Com o seu corpo colado ao meu, Teresa, percebo. Nada digo. Mas penso que tu ainda és aquela mulher bonita e sexy que um dia caiu no meu papo furado. É que ouvi de tua própria boca que tantos outros já falaram – e de certo continuam a falar, mesmo que tu não me contes –, que prefiro ser tua eterna admiradora. Como nesta manhã, quando foste pedalar por aí. Escute meu silêncio, Teresa. É o que de mais verdadeiro te digo.

domingo, 12 de fevereiro de 2012

O (des)arrumar dos lençóis

Deito-me do lado direito da cama. Ele, no esquerdo. No início dividíamos a tarefa de arrumar os lençóis. Com o passar do tempo, passei a fazer isso sozinho. Não por falta de vontade dele. Mas por hábito meu, que deito e acordo antes. Sou eu quem faço o convite quando o sono chega. Antes confiro o relógio da tv, mudando os canais e torcendo para que nenhum programa o desperte. Então faço o convite. Ele pergunta que horas são. Confere por si mesmo, e se espanta como o tempo passou. Solta um suspiro de resignação.

Eu, que já escovei os dentes e lavei o rosto, sigo direto para o quarto. Já ele cumpre todo um ritual.
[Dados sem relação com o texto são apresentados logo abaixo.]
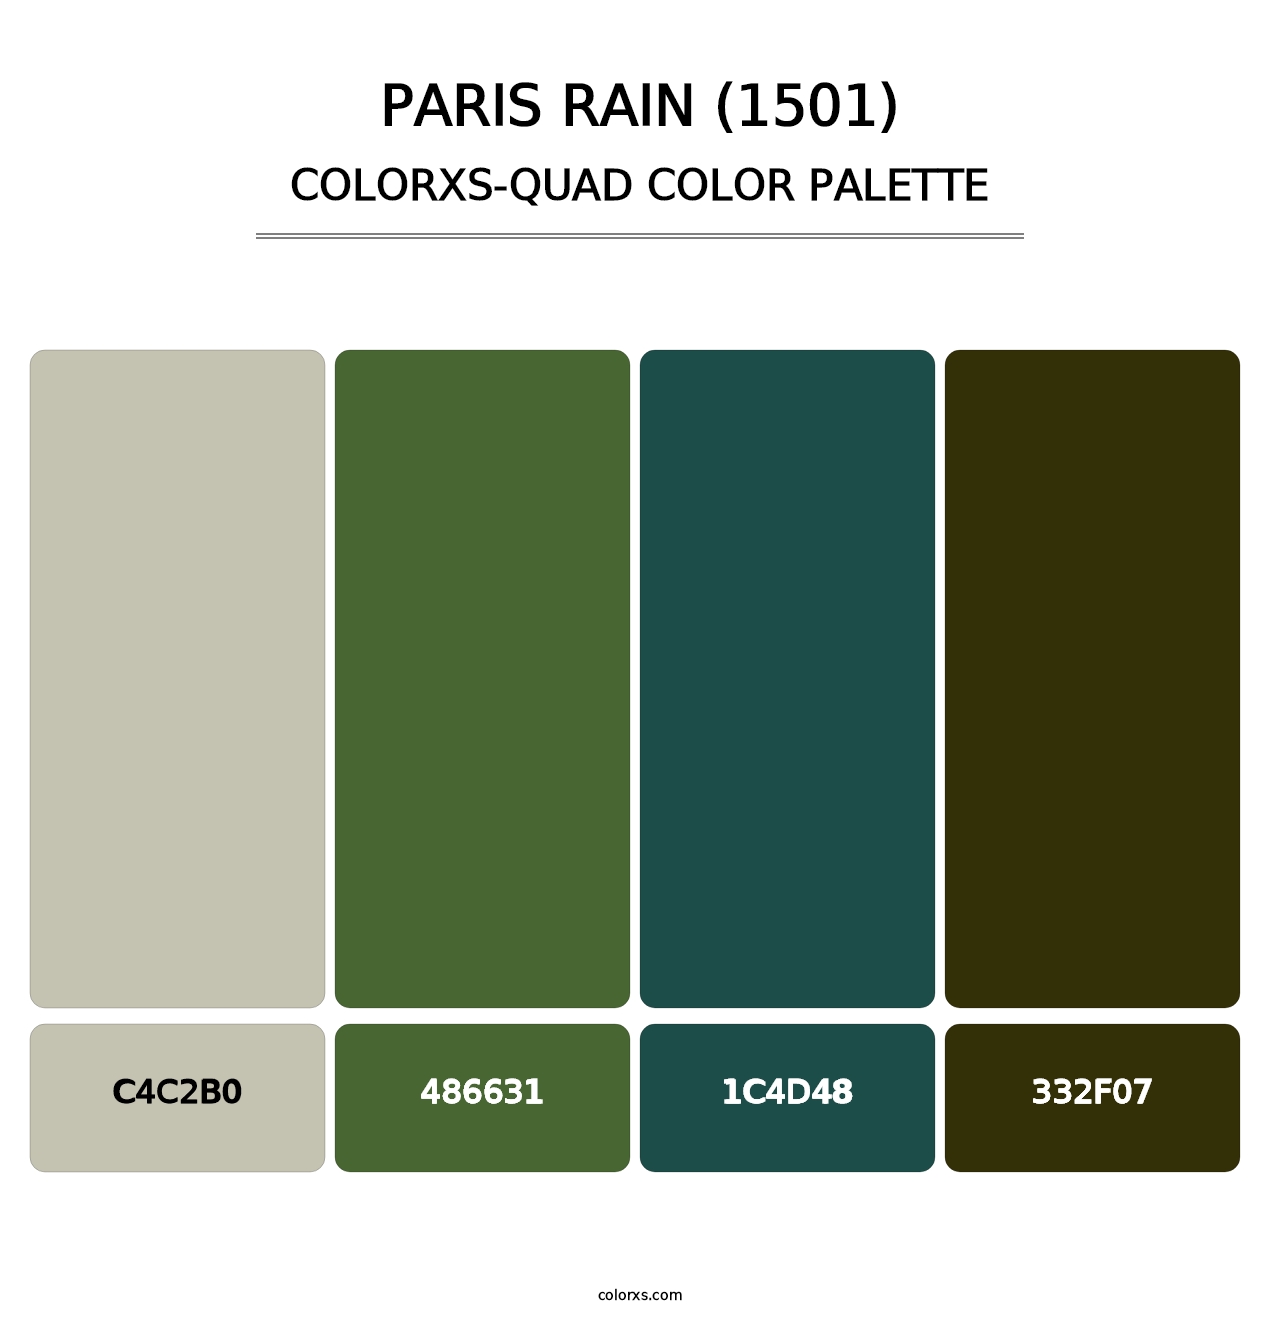 Paris Rain (1501) - Colorxs Quad Palette

Costuma ir primeiro à cozinha buscar seu copo de água, que fica ao lado da cama e por vezes faz companhia aos copos e xícaras de noites anteriores. Eu cuido para que as luzes do quarto estejam acesas. Apago assim que ele vai ao banheiro. Ocupo o espaço da cama que me cabe, aquele em que as cobertas não estão presas ao colchão – o dele é o outro, que mais parece um casulo. Impacientemente aguardo por ele, ao som da torneira aberta.

Assim que a água deixa de cair e as portas rangem, me aprumo. Ele caminha pelo vão estreito entre a cama e a parede. Senta na beirada. Toma sua água. Solta mais um suspiro. Ajusta o despertador. Confere se as cobertas estão presas do modo que gosta, e, finalmente, se deita. Eu não durmo sem uma troca de “boa-noite” e um beijo. Ele sabe disto, mas às vezes, algumas de propósito, outras de pura distração, talvez, simplesmente fecha os olhos. Zangado, dou-lhe as costas. Ele nem percebe, ou finge não perceber. Viro daqui e dali. Até que desisto e faço o que esperava que ele fizesse. Ele me abraça. Eu sorrio.  Está tudo bem. Pomo-nos a dormir.

Alguns escritores, como americano Herman Melville, autor de Moby Dick, afirmam que não há lugar melhor que a cama para confidências. “Há casais que conversam sobre os tempos passados até que os surpreende o amanhã.” As nossas são feitas em silêncio, com o roçar de pernas e o alisar dos braços. E por vezes ocupamos a cama toda, sem lados direito ou esquerdo. E desarrumamos os lençóis. Juntos.